4. The appellant sought judicial review of the first respondent's decision to admit the appellant on 6 April and also of the second respondent's decision to apply for the appellant's admission under section 3 notwithstanding the recent decision of the tribunal. The broad thrust of his case was that the application and admission of 6 April were unlawful unless there had been a relevant change of circumstances, and that there had been none. The respondents disputed the need for a relevant change of circumstances to legitimate the application and admission of 6 April but contended that there had on the facts been such a change of circumstances. The appellant's application for judicial review came before Burton J. It was then agreed, for want of time, to confine argument to the legal issue stated at the outset of this opinion and to defer a decision on the factual issue (whether there had or had not been a relevant change of circumstances between 31 March and 6 April 2000) until, if ever, it became necessary to resolve that issue. In the event, following the decision of Laws J in R v Managers of South Western Hospital, Ex p M  QB 683, Burton J decided the legal issue against the appellant and dismissed the application. He concluded his judgment by adopting the ruling of Laws J at page 696 of Ex p M and holding:
"that there is no sense in which those concerned in a section 3 application are at any stage bound by an earlier tribunal decision. The doctors, social worker, and managers must, under the statute, exercise their independent judgment, whether or not there is an extant tribunal decision relating to the patient."
5. While agreeing in the result, the Court of Appeal did not endorse the full breadth of the judge's reasoning. The Master of the Rolls summarised his conclusions in paragraphs 30-34 of his judgment:
"30 The nature of mental illness is such that the severity of the symptoms and the need for treatment will often fluctuate over time. A sequence of discharge, readmission, discharge and readmission is not uncommon. Normally a sensible period is likely to elapse between discharge and readmission. In such circumstances the implied statutory requirement of change of circumstances for which Mr Gordon contends is neither necessary nor sensible. If the professionals concerned are acting objectively and bona fide, the application for readmission is likely to be triggered by behaviour of the patient that is, at least in part, a reaction to life in the community. This will almost certainly constitute a change of circumstances when compared with the patient's reaction to the hospital regime that was prevailing when the tribunal discharged the patient. To require the professionals involved to investigate and attempt a comparison between the two sets of circumstances in order to decide whether or not there has been a relevant change of circumstances would not be helpful or even meaningful.
31 The position is very different where an application for readmission is made within days of a tribunal's decision to discharge, which carries the necessary implication that the criteria for admission are not present - the more so if the patient has remained under the hospital regime because discharge has been deferred, so that there has been no change in the patient's environmental circumstances.

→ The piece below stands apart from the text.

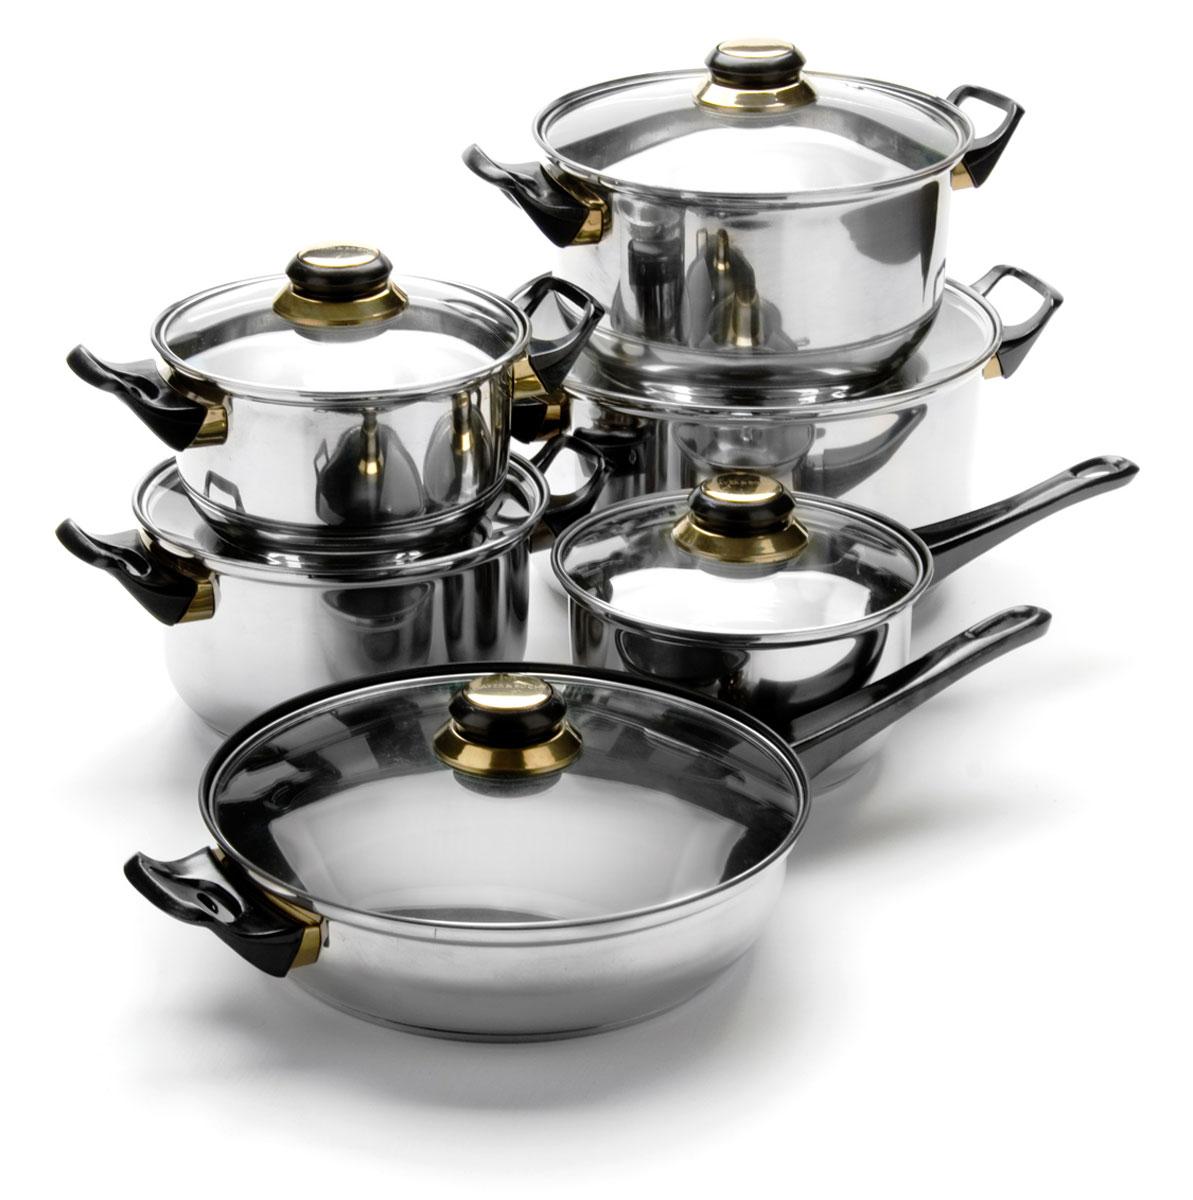 Набор посуды Mayer & Boch, 12 предметов. 6077115510Набор посуды станет отличным дополнением к набору кухонной утвари. С его приобретением приготовление ваших любимых блюд перейдет на качественно новый уровень и вы сможете воплотить в жизнь любые кулинарные идеи. В комплект входят 12 предметов: ковш (объем 1,9 л), сковорода (объем 4 л), 4 кастрюли (объем 1,9, 2,8, 3,6, 5,5 л), 6 крышек. Набор многофункционален и удобен в использовании, подойдет для варки супов, приготовления блюд из мяса и рыбы, гарниров, соусов т. д.

In such a situation there is likely to have been, as Mr Gordon pointed out, a difference of view between the patient's responsible medical officer and the tribunal as to whether or not the criteria justifying detention were established. Under the statutory scheme, where such a conflict exists, it is the opinion of the tribunal that is to prevail.
32 In such circumstances I do not see how an approved social worker can properly be satisfied, as required by section 13, that 'an application ought to be made' unless aware of circumstances not known to the tribunal which invalidate the decision of the tribunal. In the absence of such circumstances an application by the approved social worker should, on an application for judicial review, be held unlawful on the ground of irrationality.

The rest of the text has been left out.